O Exército iraniano advertiu neste domingo (10) que países que aplicarem as sanções dos Estados Unidos contra a República Islâmica terão dificuldades para atravessar o Estreito de Ormuz, uma passagem estratégica para o comércio global de hidrocarbonetos.
Em 1º de maio, os EUA anunciaram novas sanções contra interesses iranianos e ameaçaram retaliação a navios que pagassem a Teerã para cruzar o estreito. O general Mohammad Akraminia, do Exército iraniano, afirmou à agência Irna que todo navio deverá se coordenar com o Irã, citando um novo dispositivo jurídico e de segurança já em vigor, que trará vantagens econômicas, de segurança e políticas.

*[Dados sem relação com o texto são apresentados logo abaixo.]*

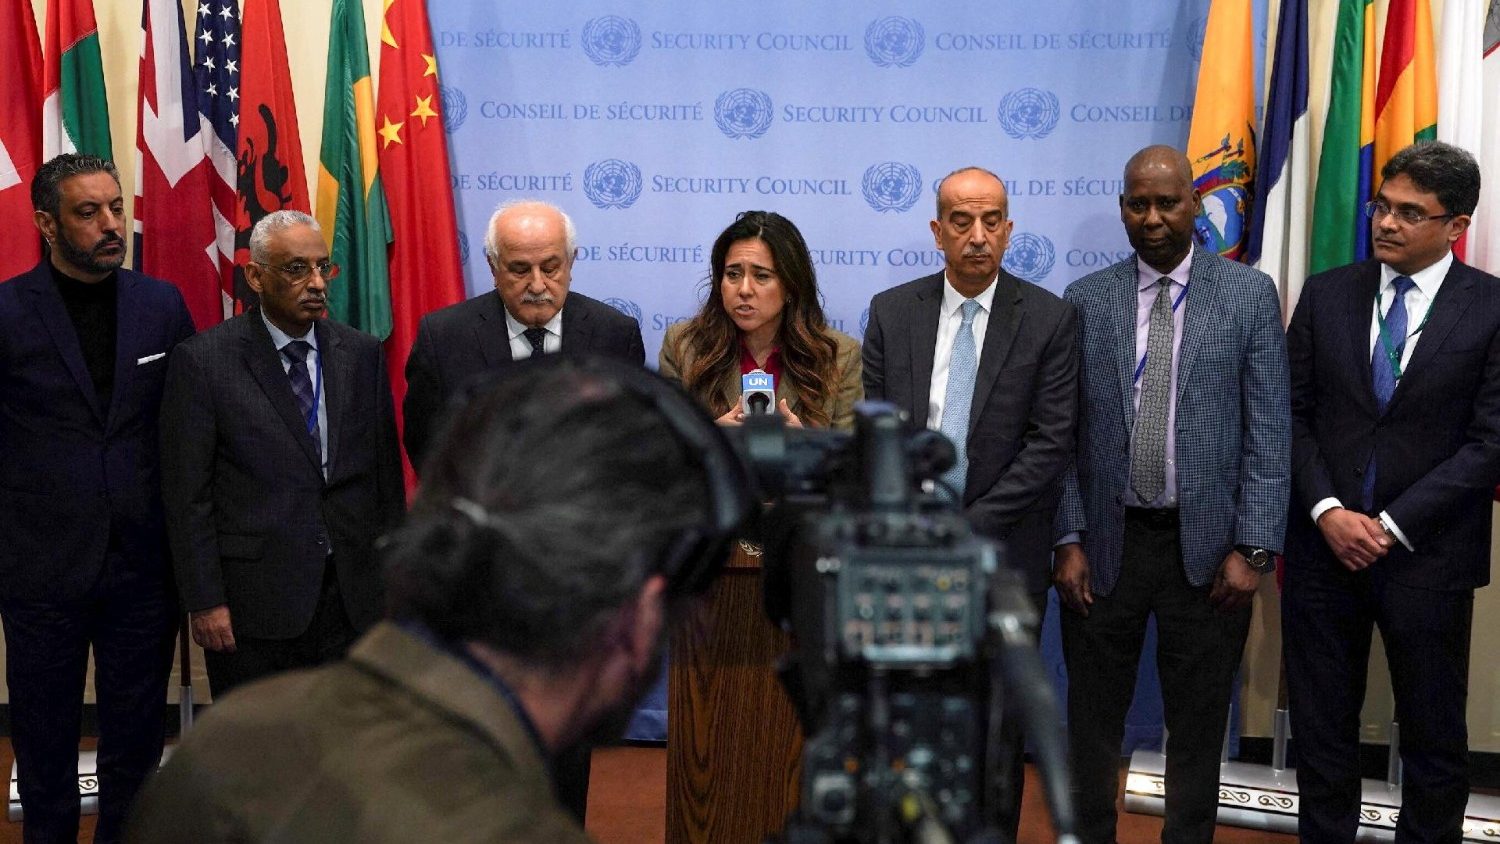 Bliskiego Wschodu, Organizacja Narodów Zjednoczonych głosuje nad rezolucją: zapewnienie pomocy Strefie Gazy, ale bez zatrzymywania się
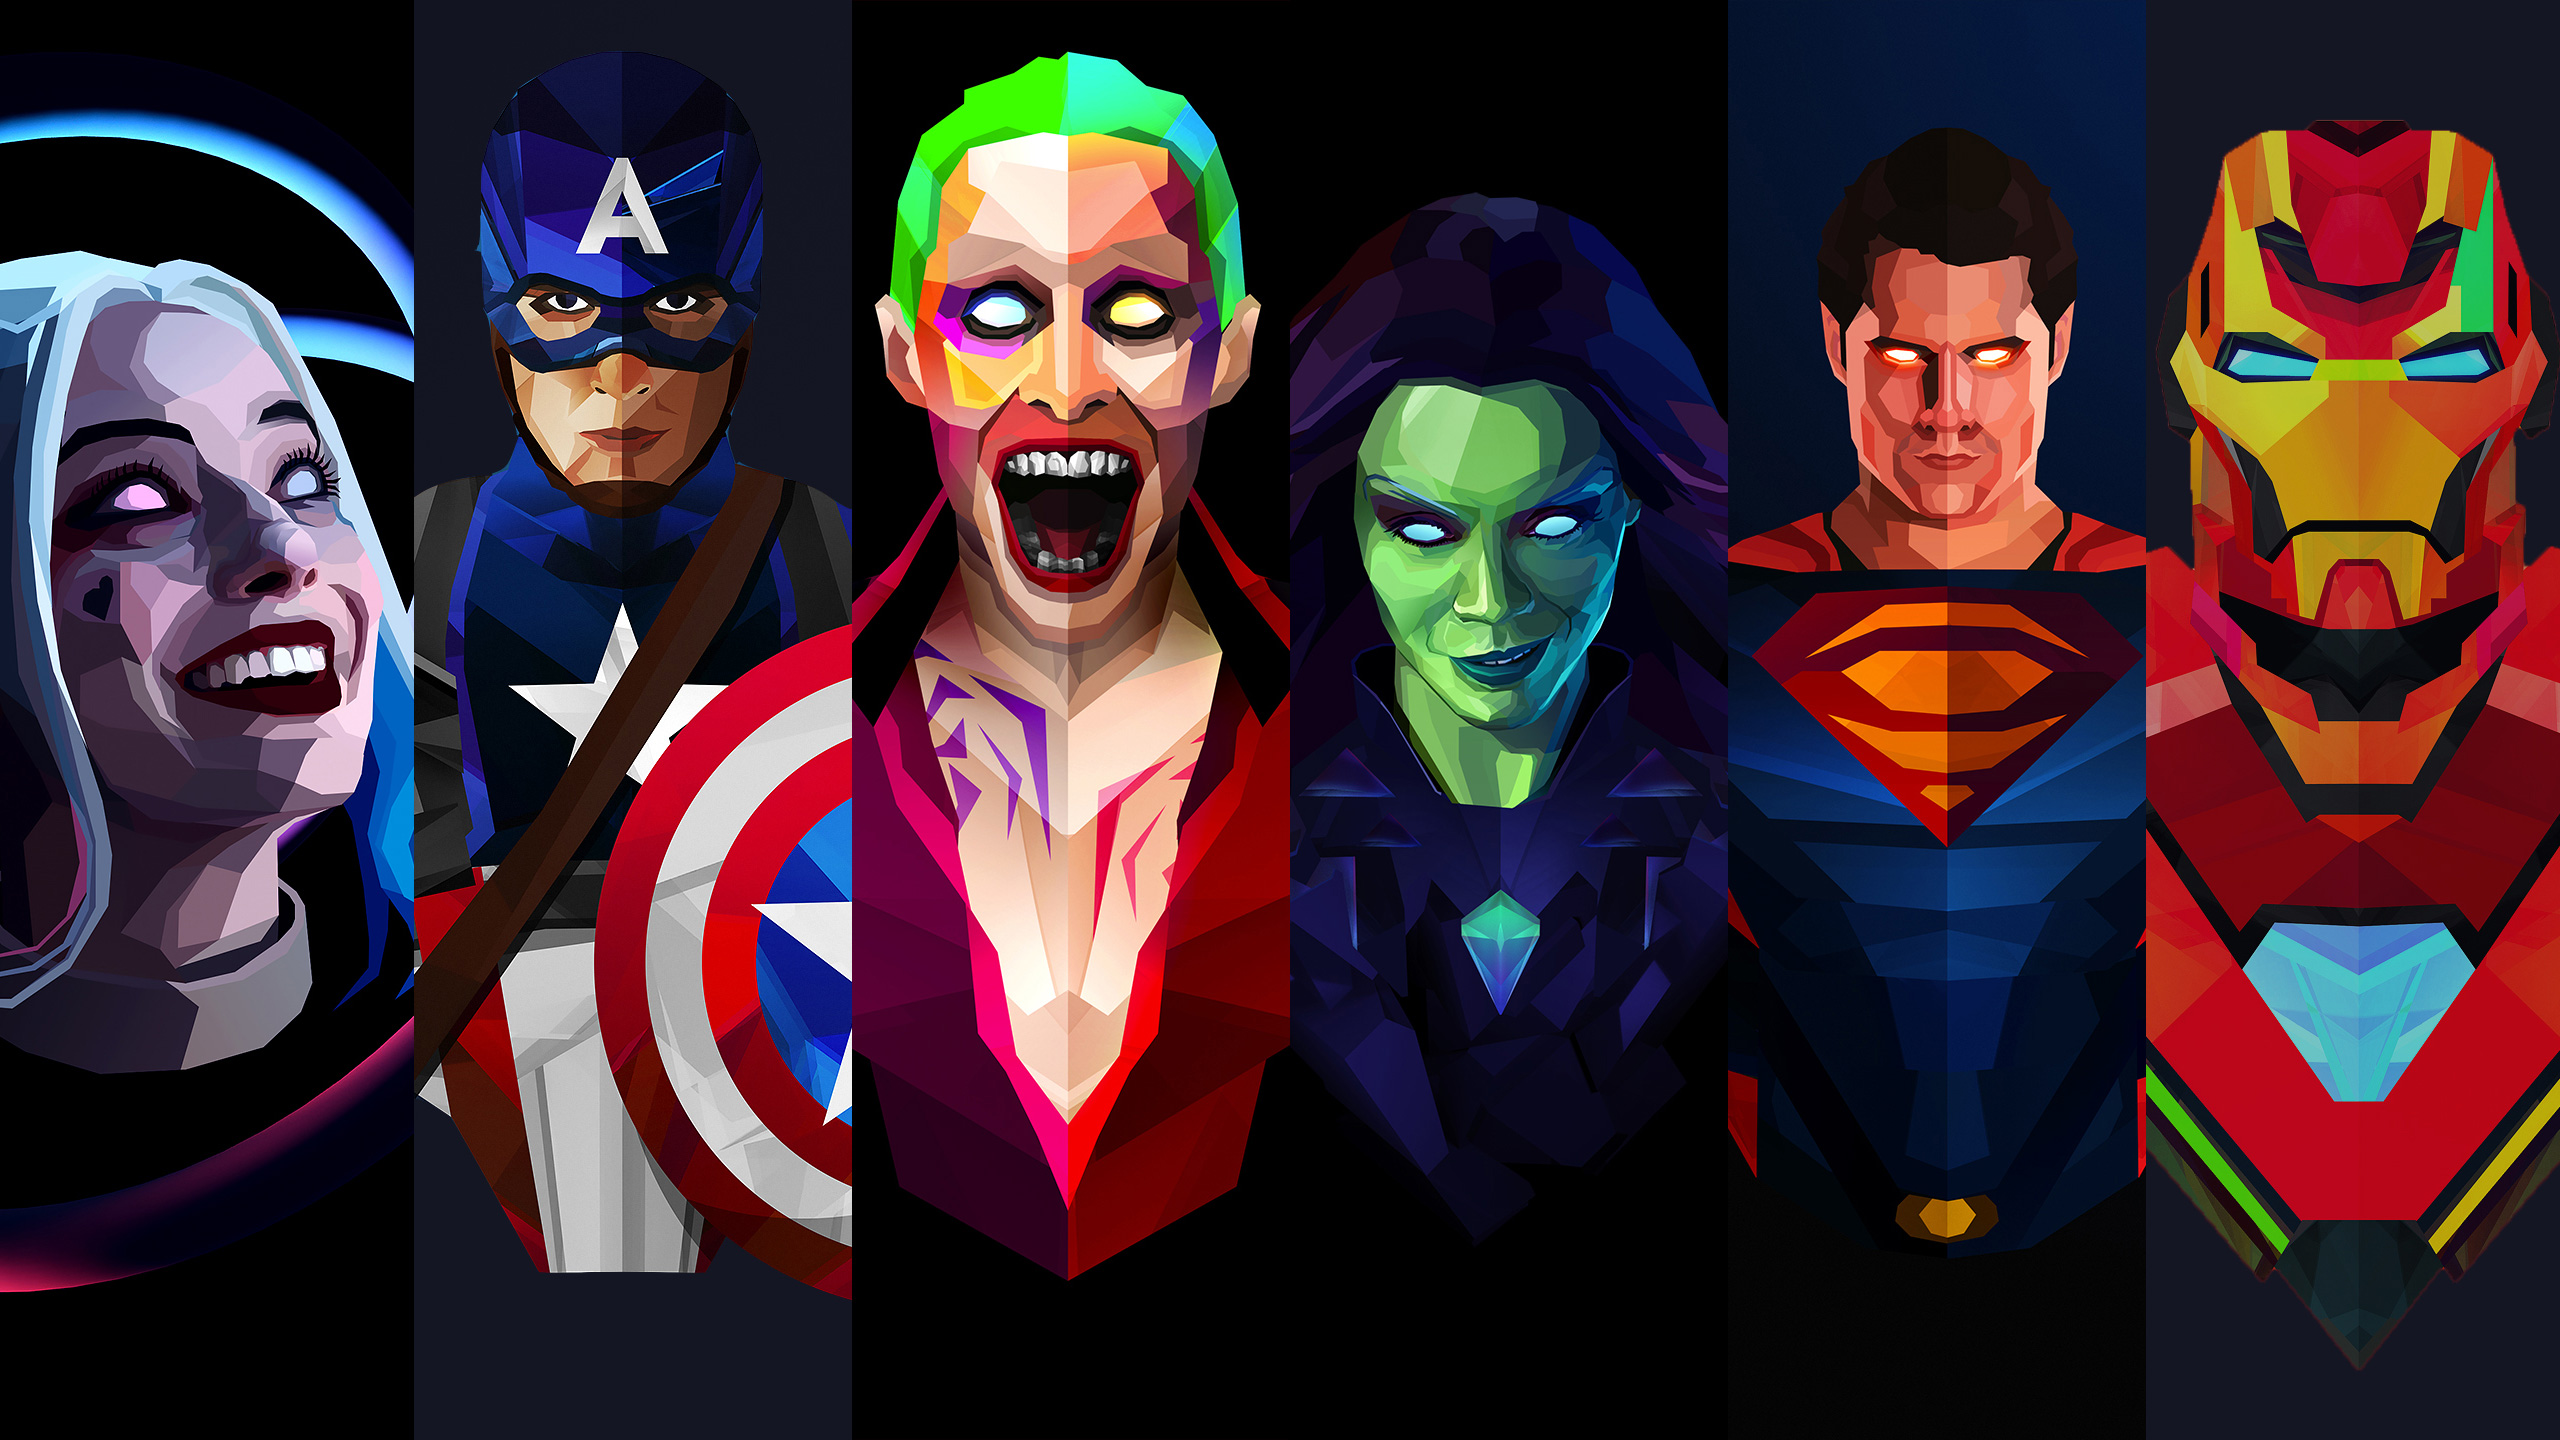 驚異とdcの壁紙,架空の人物,スーパーヒーロー,ヒーロー,正義リーグ,バットマン

“Os países que se alinharem aos Estados Unidos impondo sanções ao Irã sem dúvida enfrentarão dificuldades para atravessar o Estreito de Ormuz”, ameaçou Akraminia.
Teerã mantém o estreito fechado desde o início da guerra em 28 de fevereiro, desencadeada por EUA e Israel, que causou milhares de mortes e abalou a economia global. O tráfego é limitado pelo bloqueio americano aos portos iranianos e pelas restrições de Teerã, que libera a passagem a conta-gotas.
No sábado, o presidente da comissão de Segurança Nacional do parlamento iraniano, Ebrahim Azizi, ameaçou países aliados dos EUA no X sobre um projeto de resolução da ONU. Na quinta-feira, EUA e países do Golfo pediram ao Conselho de Segurança que exija que o Irã pare de impedir a navegação. EUA e Bahrein apresentaram uma resolução, mas a Rússia, aliada do Irã, indicou que vetará o texto.
Em 23 de abril, o vice-presidente do Parlamento iraniano, Hamidreza Haji Babaei, anunciou que Teerã já recebeu as primeiras receitas de taxas de passagem pelo estreito.